所以,这就是速度比较如此依赖编译的原因。在上面的情况下, bool 会稍微快一点,因为cmp
这意味着设置标志的减法。它也与您的编译器生成的内容相矛盾。
Another approach, a much simpler one, is to look at the logic of the expression on it's own and try not to worry about how the compiler will translate your code, and I think this is a much healthier way of thinking. I still believe, ultimately, that the code being generated by the compiler is actually trying to give a truthful resolution. What I mean is that, maybe if you increase the test cases in the if statement and stick with boolean in one side and integer in another, the compiler will make it so the code generated will execute faster with boolean expressions in the machine level.
另一种更简单的方法是自己查看表达式的逻辑,尽量不要担心编译器将如何翻译您的代码,我认为这是一种更健康的思维方式。我仍然相信,最终,编译器生成的代码实际上是在试图给出一个真实的解决方案。我的意思是,也许如果您增加 if 语句中的测试用例,并坚持在一侧使用布尔值而在另一侧使用整数,编译器将使其生成的代码在机器级别使用布尔表达式执行得更快。

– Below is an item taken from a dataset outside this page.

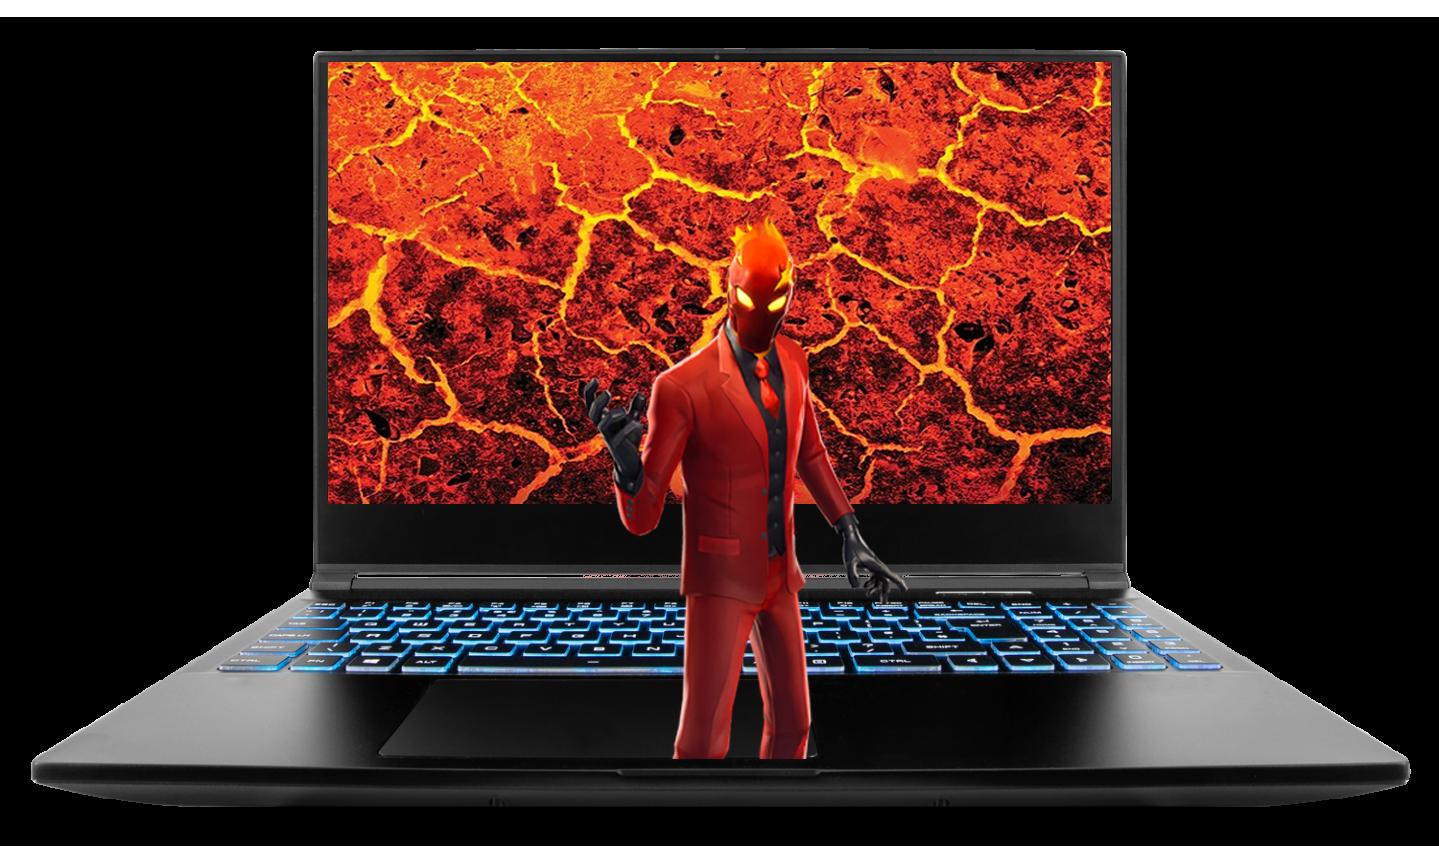 Front open 15.6 inch business gaming notebook / laptop XNB XNotebooks INFERNO TL15 ALU NVIDIA GTX 1650 / RTX 3050 / RTX 3050 Ti CPU INTEL i7-11800H Tongfang GM5TG5O GM5TGEO GM5TGFO

I'm considering this is a conceptual question, so I'll give a conceptual answer. This discussion reminds me of discussions I commonly have about whether or not code efficiency translates to less lines of code in assembly. It seems that this concept is generally accepted as being true. Considering that keeping track of how fast the ALU will handle each statement is not viable, the second option would be to focus on jumps and compares in assembly. When that is the case, the distinction between boolean statements or integers in the code you presented becomes rather representative. The result of an expression in C++ will return a value that will then be given a representation. In assembly, on the other hand, the jumps and comparisons will be based in numeric values regardless of what type of expression was being evaluated back at you C++ if statement. It is important on these questions to remember that purely logicical statements such as these end up with a huge computational overhead, even though a single bit would be capable of the same thing.
我认为这是一个概念性的问题,所以我会给出一个概念性的答案。这个讨论让我想起了我经常讨论的关于代码效率是否会转化为更少的汇编代码行的讨论。似乎这个概念被普遍认为是正确的。考虑到跟踪 ALU 处理每个语句的速度是不可行的,第二个选择是专注于汇编中的跳转和比较。在这种情况下,您提供的代码中布尔语句或整数之间的区别就变得非常具有代表性。C++ 中表达式的结果将返回一个值,然后将给出一个表示。另一方面,在组装中,无论在您的 C++ if 语句中评估什么类型的表达式,跳转和比较都将基于数值。对于这些问题,重要的是要记住,诸如此类的纯逻辑语句最终会产生巨大的计算开销,即使单个位也能完成相同的事情。